Member of the Ohio Senate from the Wayne County district
- In office December 6, 1824 – December 3, 1826
- Preceded by: Thomas McMillan
- Succeeded by: Joseph Larwill

Personal details
- Born: February 20, 1790 Stamford, Connecticut, US
- Died: June 27, 1866 (aged 76) Wooster, Ohio, US
- Resting place: Wooster Cemetery
- Party: Whig
- Spouse(s): Jane Galbreath Gennetta Marie Sherwood
- Children: one
- Education: Yale University

= Edward Avery (judge) =

American judge

Edward Avery (February 20, 1790 – June 27, 1866) was a lawyer from Wooster, Ohio, United States, who was an Ohio State Senator and served on the Ohio Supreme Court from 1847 to 1851. He later helped found the College of Wooster and the Wooster Cemetery.

==Biography==
Edward Avery was born February 20, 1790, in Stamford, Connecticut. He graduated with a bachelor's degree in 1810 from Yale University. He studied law and was admitted to the bar in Connecticut in 1813. He traveled to Europe in 1816. In 1817, he became the second lawyer to locate in Wooster, Ohio.

In 1819, Avery was appointed prosecuting attorney of Wayne County, Ohio, and served until 1825. He was elected to the Ohio State Senate in 1824 and served one two-year term. His re-election in 1826 was contested in the Senate, and his seat given to his opponent.

After he complete his service in the Senate, Avery returned to his practice in Wooster. In 1832 he was one of four trustees of the town, and was a school examiner. He also mentored law students.

On January 15, 1847, the Ohio General Assembly elected Avery to a seat on the Ohio Supreme Court to a seven-year term that began February 6, 1847. The judges traveled to each county in the state in those days. The job was arduous, and Avery's health gave out. He submitted his resignation March 1, 1851, and was replaced by the legislature on March 17, 1851.

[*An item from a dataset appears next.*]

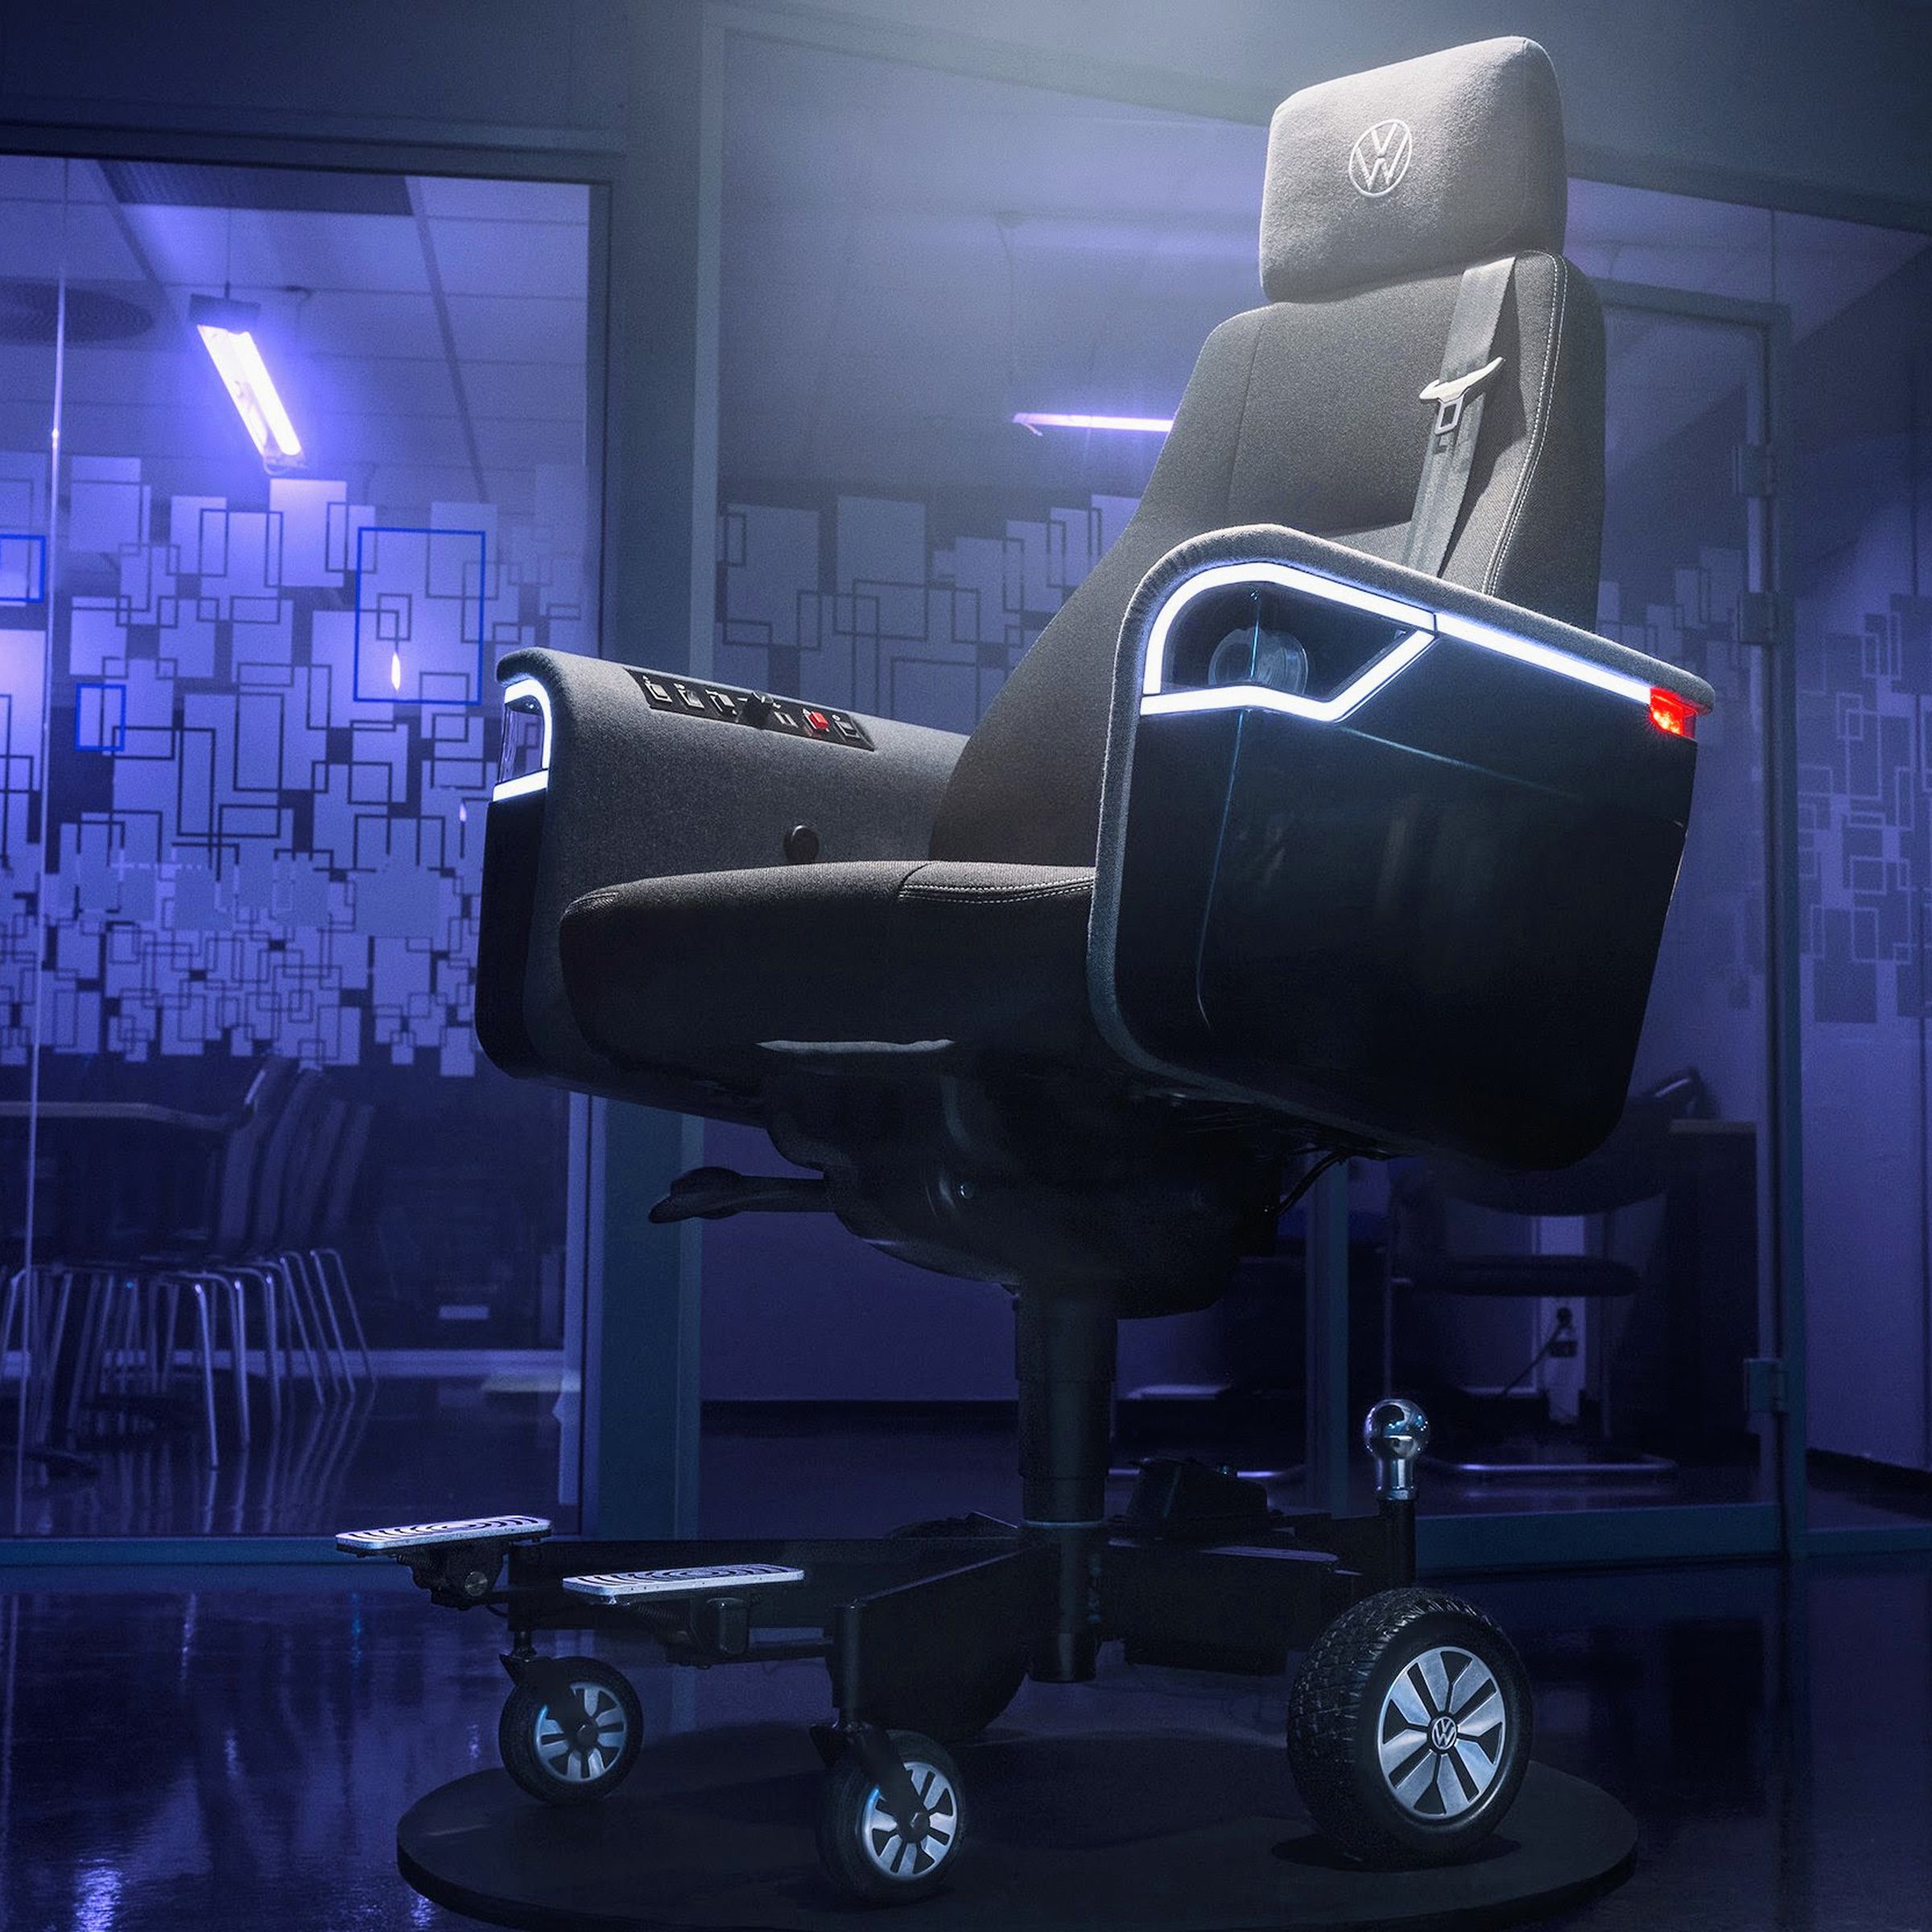 Volkswagen’s chair is ready to party with LED trim around its working headlights, but it’s also ready to drive with a car seatbelt and dedicated metal footrests. The mostly black chair is depicted here in a purple-lit office space with glass doors.

After returning to Wooster, Avery retired from law practice. He helped establish the College of Wooster and was generous in giving to it. He guarantee the notes to establish the non-denominational Wooster Cemetery. He was an elder in the Presbyterian church.

Avery married Jane Galbreath of Steubenville, Ohio November 25, 1823 or December 28, 1823. She died in 1824, and Avery married Gennette Marie Sherwood on February 3, 1834. Gennette had no children.

Avery died June 27, 1866, at Wooster. He was buried at Wooster Cemetery next to his two wives and daughter.